Это был полный мирной жизни уголок, на котором совершенно не отразилось война. Приближаясь к замку и направляя коня вверх по мощеной камнем тропе, то я время от времени выкрикивал приветствия, просил гостеприимства и называл свое имя, как этого требовал повсеместно принятый этикет, но никто не отвечал. Окна с темными стеклами блестели, как глаза безобидной ящерицы, но я не видел ни одного человеческого лица и не слышал голосов.
Спустя некоторое время я достиг внешней ограды и поскакал под сенью садовых растений, попав в прелестный дворик, большее место в котором занимали старые деревья, вьющиеся растения и колодец с журавлем, возвышающимся посредине двора. На этот двор выходили двери почти всех помещений, но мне уже стало ясно, что ни единого человека здесь нет.
Я спешился, набрал с помощью журавля ведро воды из колодца, чтобы помыть коня, самого меня жажда не мучила.
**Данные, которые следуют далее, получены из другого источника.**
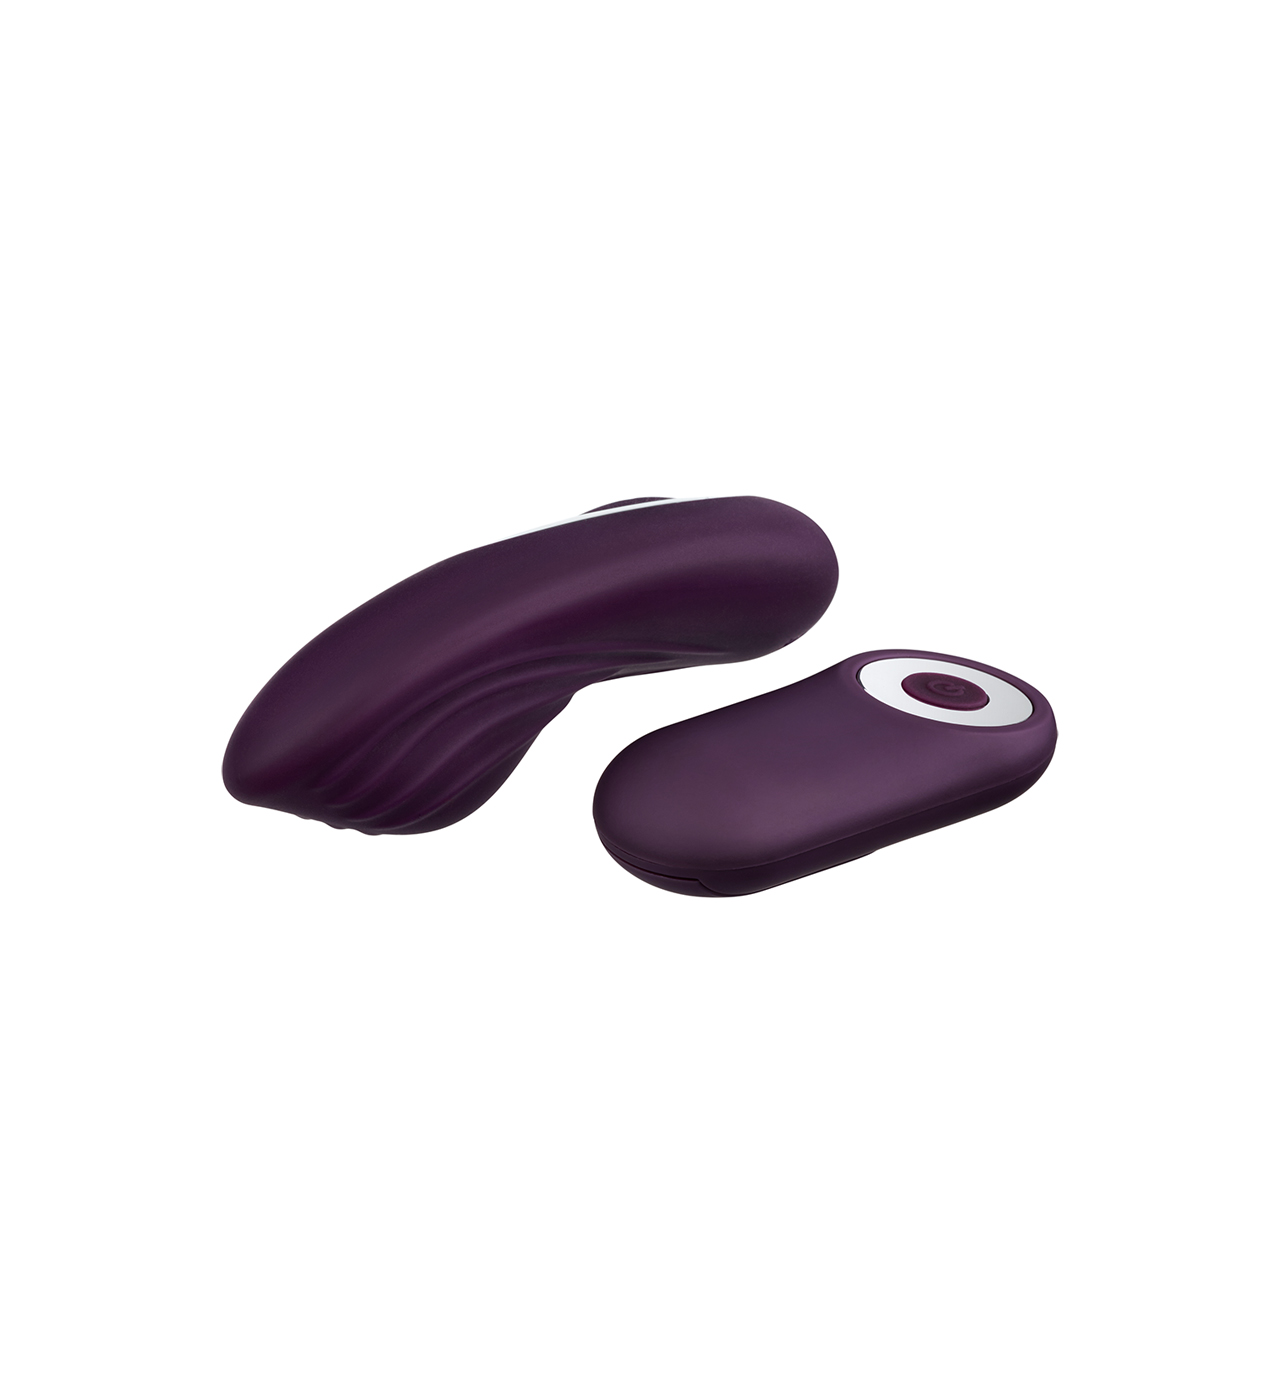 Keep Me Close - Discreet panty vibrator with remote control  - RFSU 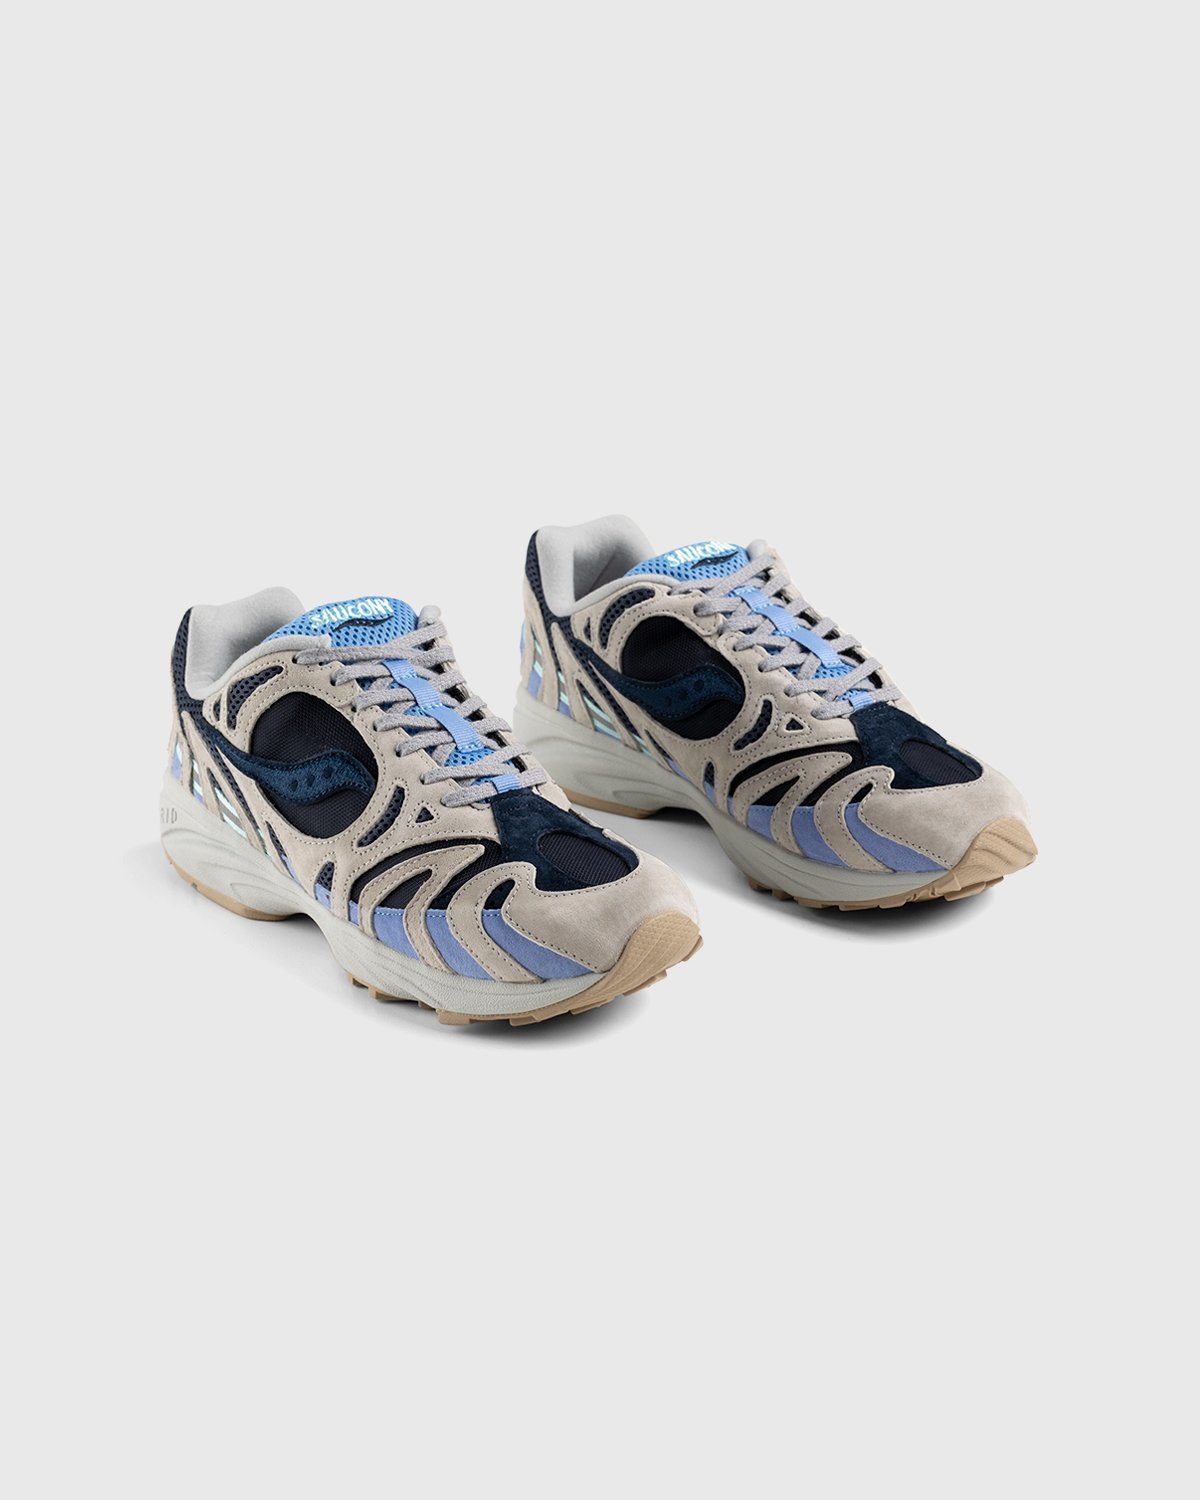 Saucony - Grid Azura 2000 Grey - Footwear - Blue - Image 4

Набрав еще одно ведро, напоил его, затем по ступеням поднялся на главный портал, подошел к обитым железом дверям и распахнул их.
Внутри было темно и безжизненно.
Разумеется, здесь могли быть привидения. Я поднялся по ступеням наверх и вошел в помещение, заставленное древними сундуками, ларями и завешенное настенными коврами. Далее следовали жилые помещения, меблированные соответственно вкусам богатого дворянина. Я сделал круг по комнатам во всех трех этажах.
Не было никакого беспорядка. Книги и манускрипты в библиотеке были в прекрасном состоянии. Кладовые ломились от запасов копченого и сушеного мяса, консервированных фруктов и овощей. В погребах я обнаружил пиво в бочках и вино в бутылях.
Все выглядело так, как будто жители покинули замок ненадолго и намерены скоро возвратиться сюда. Не было ни малейшего намека на упадок, но примечательно, что и здесь, так же, как и в лесу, не было заметно ни малейшего следа животных, таких, например, как крысы или мыши, которых, обычно, можно заметить рано или поздно.
Немного поколебавшись, я подкрепился в кладовой теми продуктами, которые были готовы к употреблению. После этого подождал некоторое время, чтобы быть готовым в случае, если на пищу плохо отреагирует мой желудок.
Псмотрев в окно, застекленное зеленым прозрачным пластиком, я увидел, что мой конь все еще жив, а это значило, что вода в колодце не отравлена.
Войдя в одну из башен, я поднялся до самого верха и открыл маленькую деревянную дверь, ведущую на балкон. Здесь на маленьких клумбочках были высажены цветы, овощи и просто газонная трава — они распространяли свой аромат по всему зданию.
Кроны деревьев надо мной были подобны мягким волнам спокойного и зеленого моря. Окинув взглядом большую часть окрестностей, я не заметил ни малейшего движения. Это меня успокоило.